*WHAT THIS TASK INVOLVES*
Within the material below, transcribe exactly the lines from the one holding "JACQUEMUS Chic White" through the one holding "GOES-13 6.5 µm", keeping both ends and skipping the rest.

*DATA RECORDS*

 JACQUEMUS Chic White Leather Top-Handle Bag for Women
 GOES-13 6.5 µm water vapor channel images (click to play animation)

...

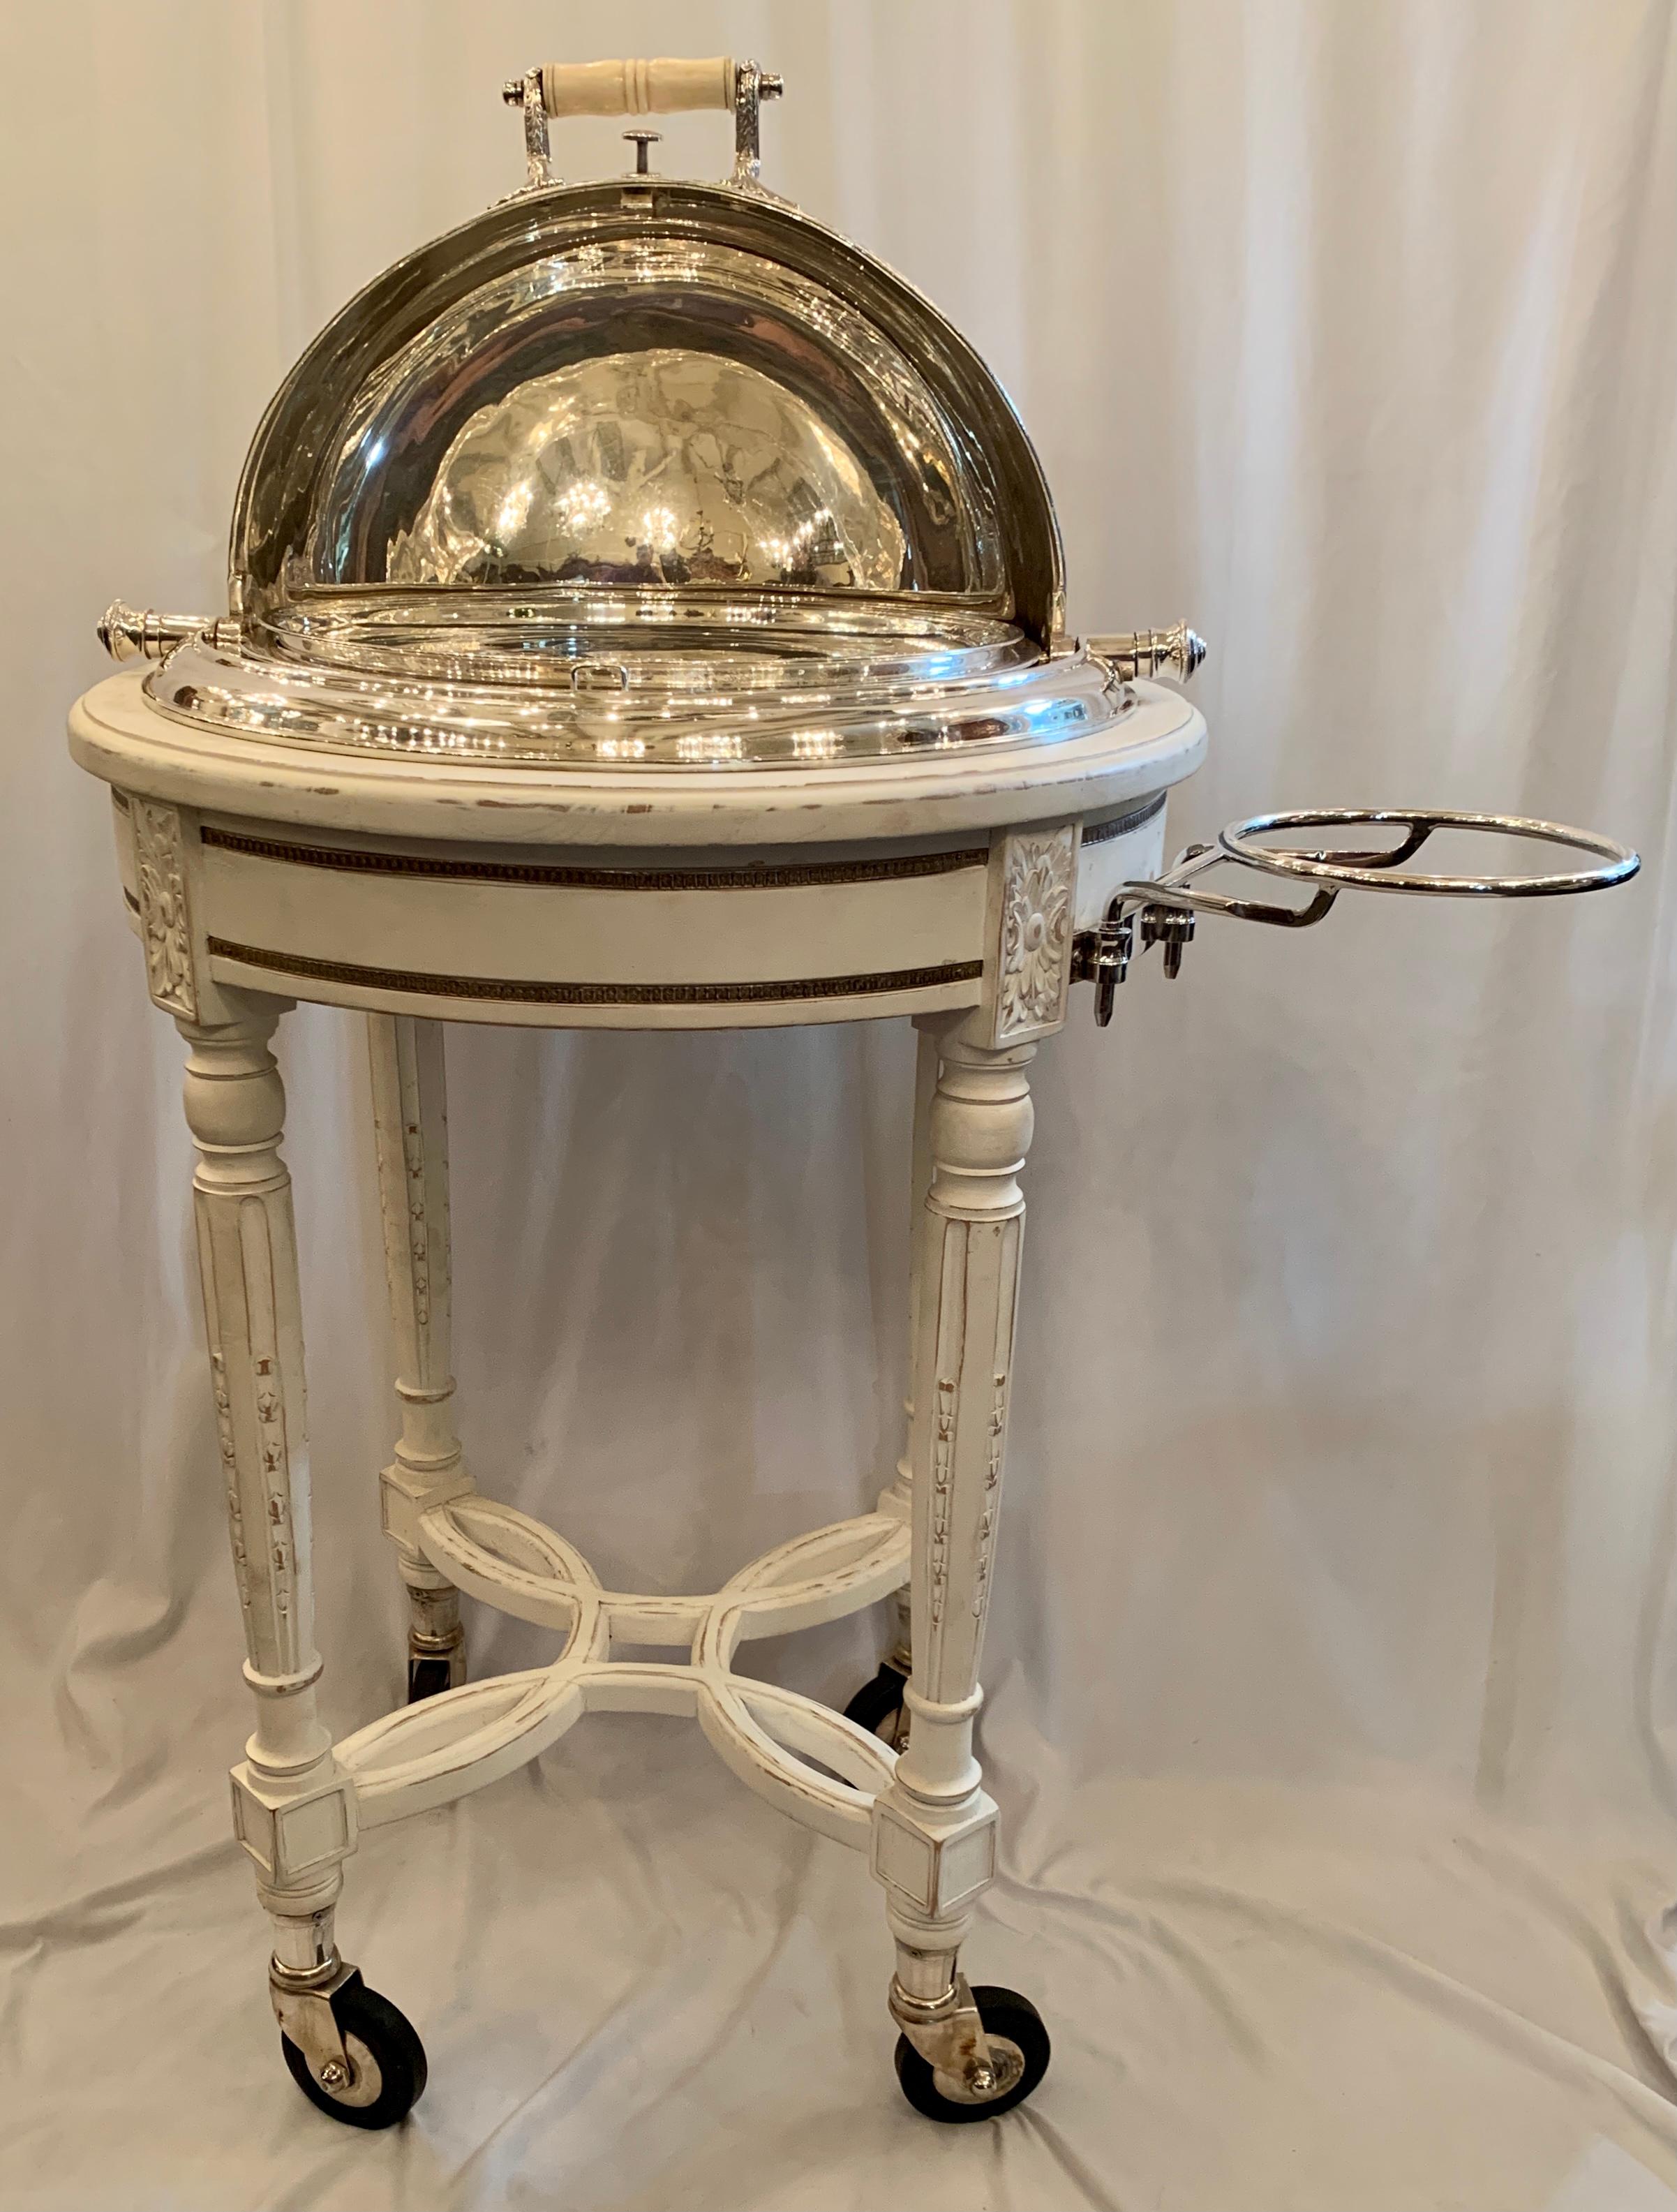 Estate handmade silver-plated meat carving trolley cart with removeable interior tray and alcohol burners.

*TASK RESULT*
 JACQUEMUS Chic White Leather Top-Handle Bag for Women
 GOES-13 6.5 µm water vapor channel images (click to play animation)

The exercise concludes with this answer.